Petitioners contend that the rule enunciated in the Habaluyas case should not be made to
apply to the case at bar owing to the non-publication of the Habaluyas decision in the
Official Gazette as of the time the subject decision of the Court of Appeals was promulgated.
Contrary to petitioners' view, there is no law requiring the publication of Supreme Court
decisions in the Official Gazette before they can be binding and as a condition to their
becoming effective.

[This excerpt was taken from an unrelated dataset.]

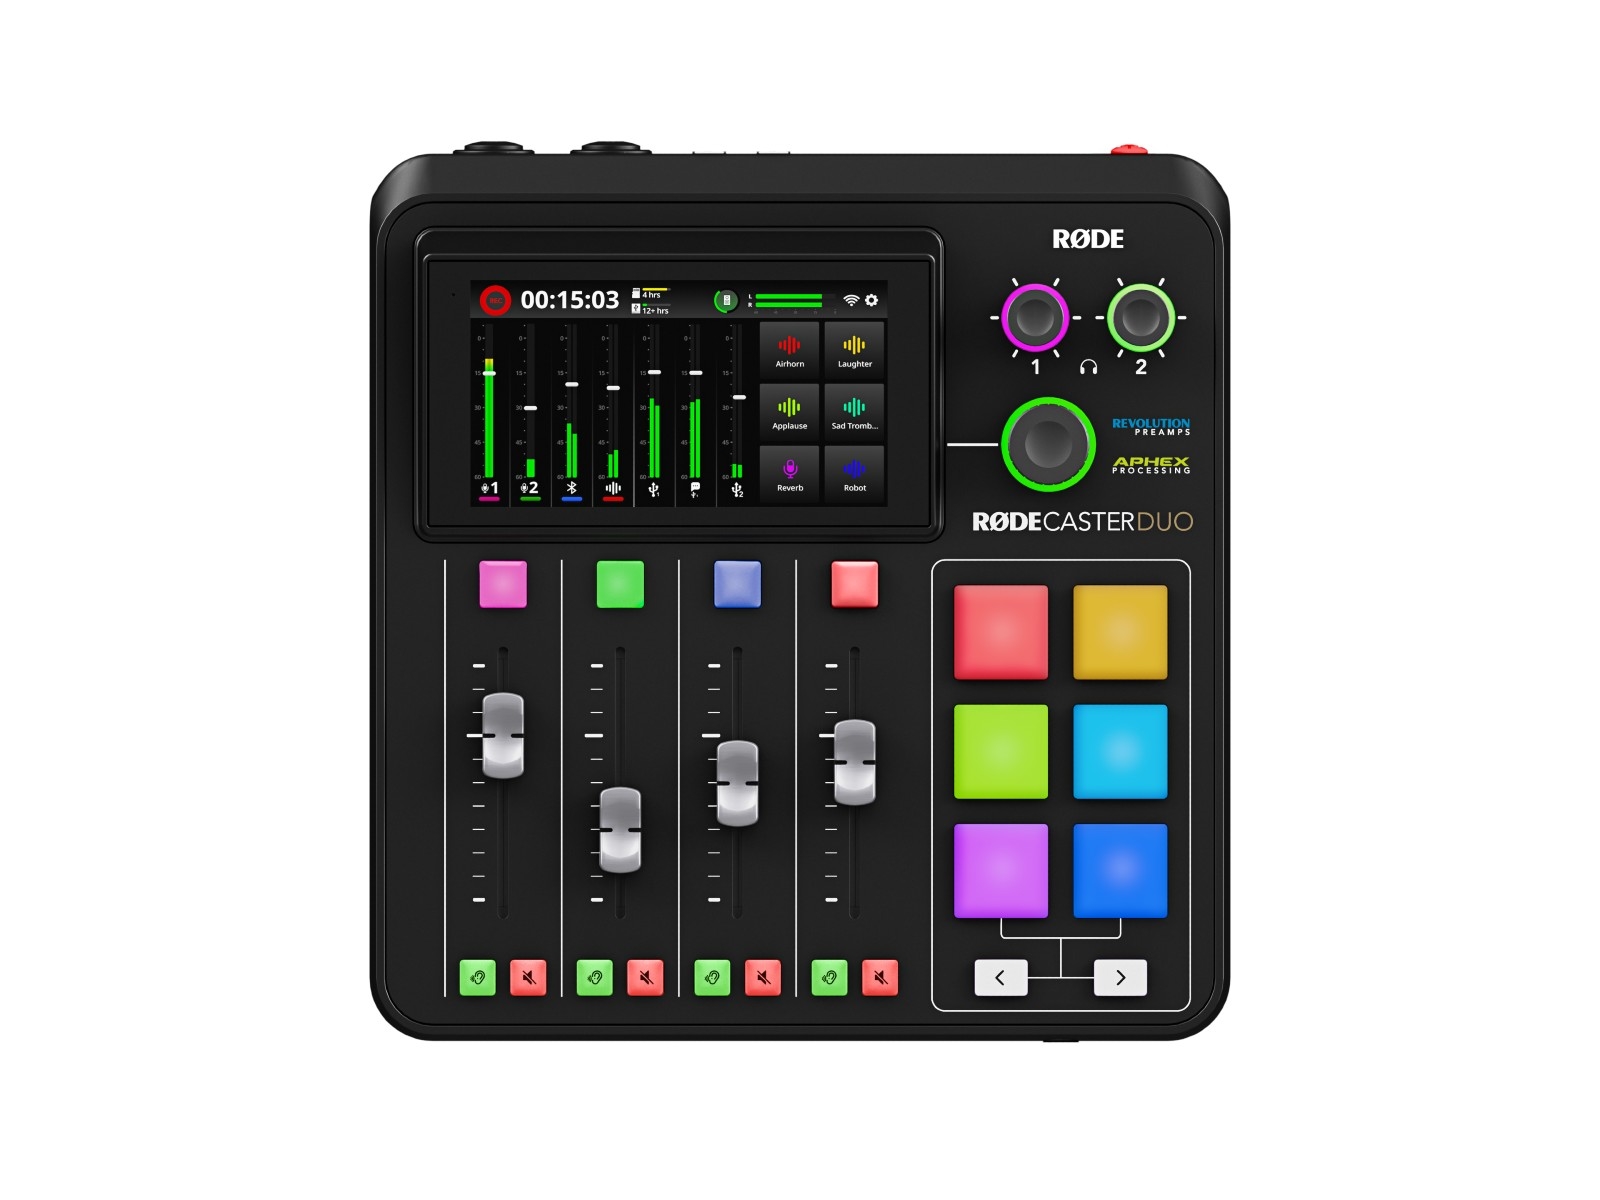 Rode's Streamer X combines an audio interface with an external capture card | DeviceDaily.com

It is the bounden duty of counsel as lawyer in active law practice to keep
abreast of decisions of the Supreme Court particularly where issues have been clarified,
consistently reiterated, and published in the advance reports of Supreme Court decisions
(G. R. s) and in such publications as the Supreme Court Reports Annotated (SCRA) and law
journals.

This Court likewise finds that the Court of Appeals committed no grave abuse of discretion
in affirming the trial court's decision holding petitioner liable under Article 2190 of the Civil
Code, which provides that "the proprietor of a building or structure is responsible for the
damage resulting from its total or partial collapse, if it should be due to the lack of necessary
repairs.

Nor was there error in rejecting petitioners argument that private respondents had the "last
clear chance" to avoid the accident if only they heeded the. warning to vacate the tailoring
shop and , therefore, petitioners prior negligence should be disregarded, since the doctrine
of "last clear chance," which has been applied to vehicular accidents, is inapplicable to this
case.

WHEREFORE, in view of the foregoing, the Court Resolved to DENY the instant petition for
lack of merit.

Fernan (Chairman), Gutierrez, Jr., Feliciano and Bidin, JJ., concur.